05:40Pourtant, ça me ferait du bien.
05:41N'hésitez pas à m'appeler si tout va bien.
05:43Je le ferai.
05:44Tous les jours.
05:46Donc, évidemment, j'ai une vision un peu pessimiste du monde du travail
05:55et qui n'est pas forcément complètement objective.
05:58Mais ce que je vois, c'est que j'ai de plus en plus de dossiers absolument dégueulasses, désastreux, révoltants.
06:07Et peu d'action.
06:10Les placards sont pleins.
06:12Pleins, pleins, pleins à craquer.
06:14Votre plus grande joie ?
06:16Ma plus grande joie, je pense que ce sont les moments passés avec mes enfants.
06:20Et puis aussi, évidemment, c'est ce coup de fil qu'on passe à la cliente ou au client
06:27quand on gagne un dossier, quand on a une supernego.
06:30Ça, c'est le meilleur moment de la journée.
06:32Alors, tout de même, pour revenir un petit peu sur cette place des femmes dans le monde du travail,
06:38c'est une évidence, chères auditrices,
06:41les femmes sont moins bien payées que les hommes sur leur site de travail respectif.
06:45Alice Fabing, vous nous donnez les chiffres INSEE de 22,3% de moins en 2022
06:51pour tout poste confondu, ce qui est quand même assez énorme.
06:56Et puis aussi, elles sont quand même souvent plus mal traitées.
06:58C'est ça que vous dites.
06:59En fait, les femmes sont beaucoup plus vulnérables dans le monde du travail
07:03parce qu'il y a la grossesse, il y a le harcèlement sexuel, évidemment.
07:08Ça fait 14 ans que je fais ce boulot, j'ai jamais eu un mec harcelé sexuellement.
07:12Ça arrive, il paraît pourtant.
07:14Ça arrive, mais alors je n'ai pas vu ça.
07:16Et paradoxalement, j'ai plus de clients hommes que de clientes
07:20parce que les femmes ont plus de mal à passer le cap d'aller voir une avocate.
07:25Elles ont tendance à ne pas se défendre.
07:27Pourquoi ? Parce que c'est la position victimaire qui pose un problème aussi, vous pensez ?
07:30Je pense, et puis elles n'ont pas l'habitude de prendre soin d'elles, de se défendre.
07:34Elles ont l'habitude de penser aux autres, elles vont se remettre en question.
07:37Grosso modo, un homme, il va venir me voir quand il a une mauvaise évaluation.

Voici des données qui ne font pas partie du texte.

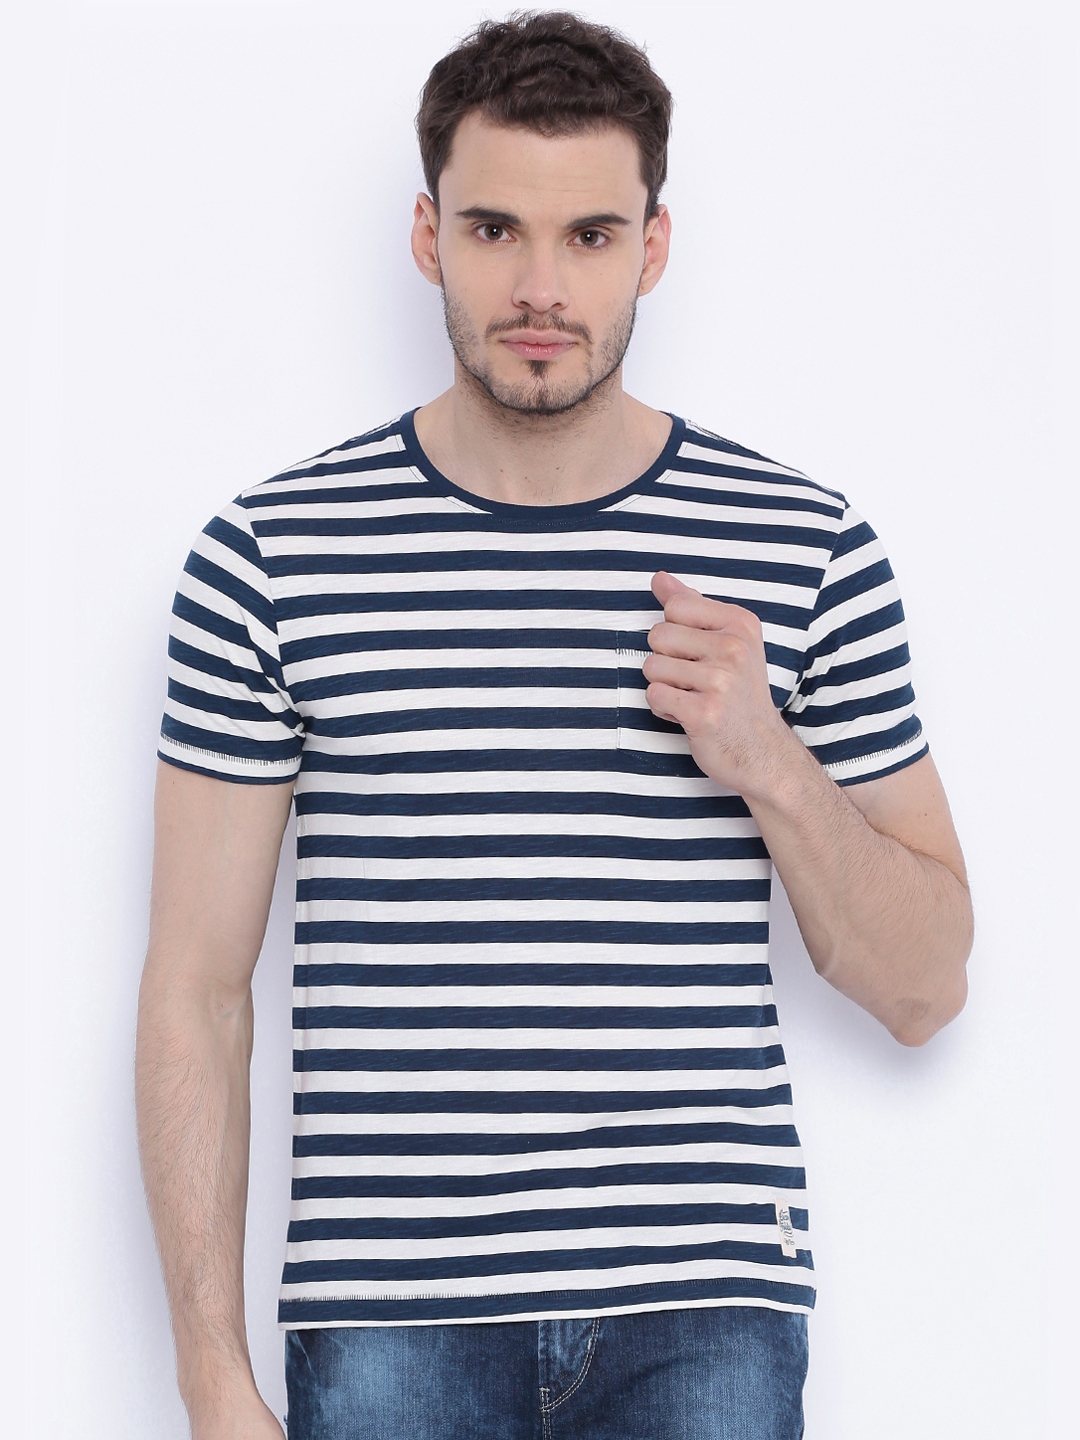 Men's Striped Bass Short Sleeve Cotton T-Shirt Large / Navy
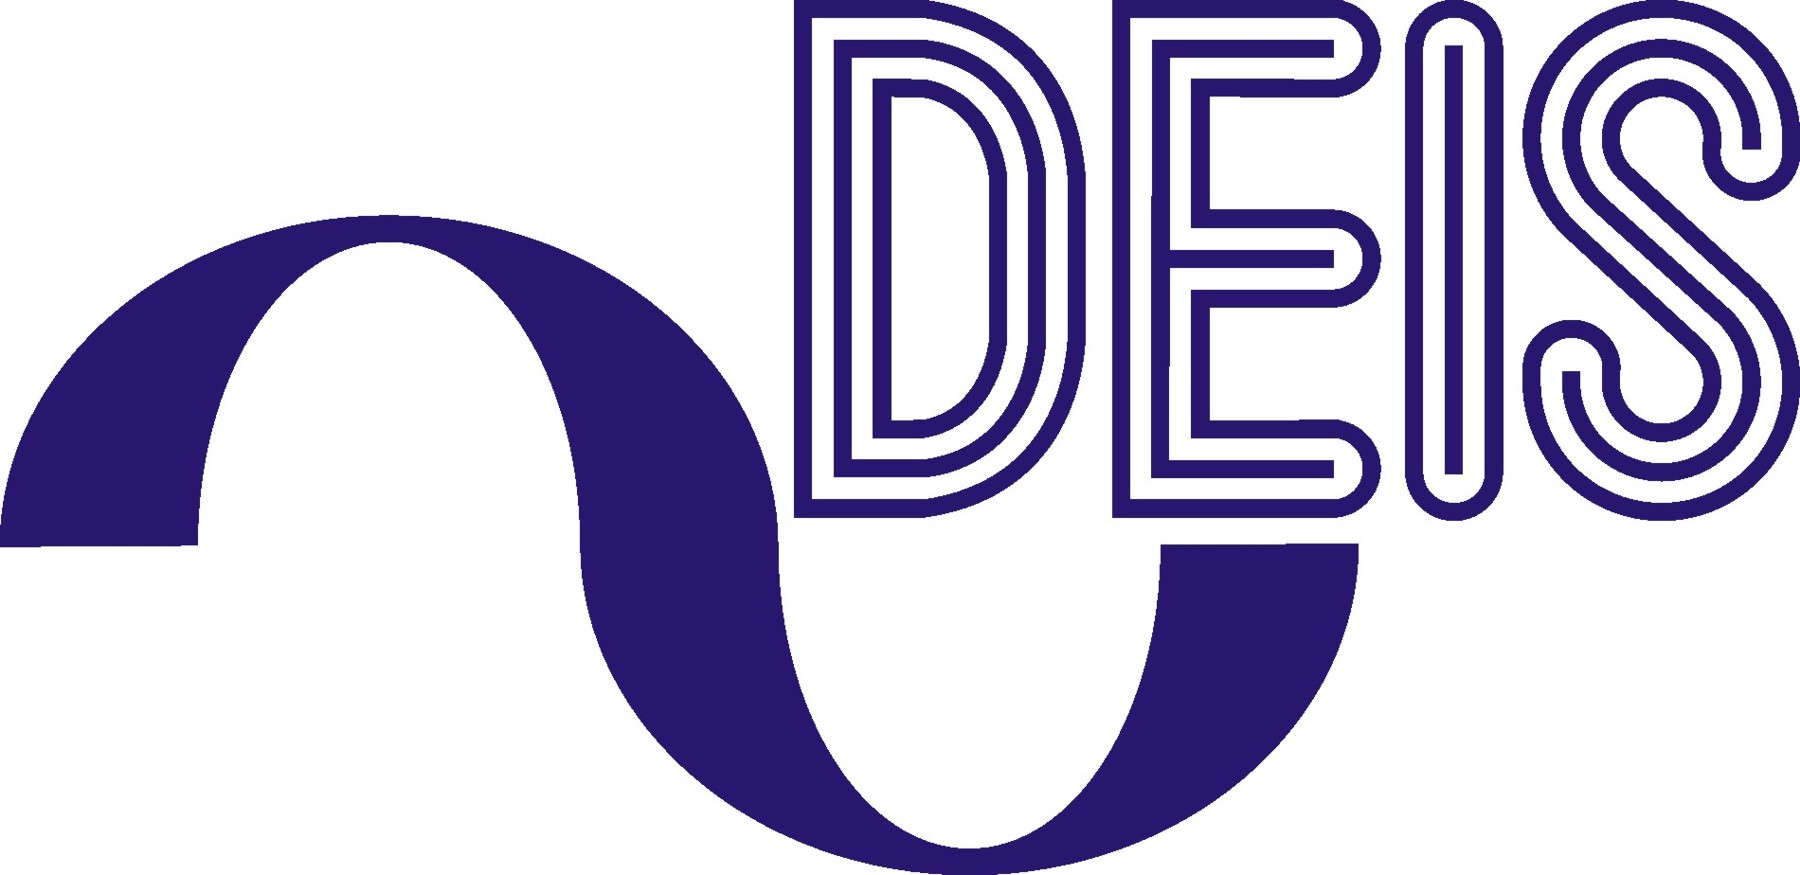 IEEE DEIS

07:41Une femme, quand elle vient au cabinet, elle est au bout du rouleau en larmes
07:45et ça fait des mois qu'elle lutte.
07:47Et c'est que son corps lâche.
07:49Parce que finalement, elles sont plus fortes mentalement aussi, peut-être, non ?
07:52Oui, il faut gérer ce genre de situation.
07:54Évidemment, je pense qu'on est plus fortes que les hommes, de manière générale.
07:57On est plus résilients.
07:59Alors vous dites aussi un autre truc, Alice Fabing,
08:02c'est que seulement 4% de ces femmes qui sont harcelées portent plainte
08:05par peur de conséquences sur leur réputation
08:09quand l'impunité des agresseurs est quelque chose de commun, c'est normal.
08:12Exactement.
08:14Pourquoi elles ont peur de la réputation ?
08:16Parce que derrière, ça leur pose des problèmes ?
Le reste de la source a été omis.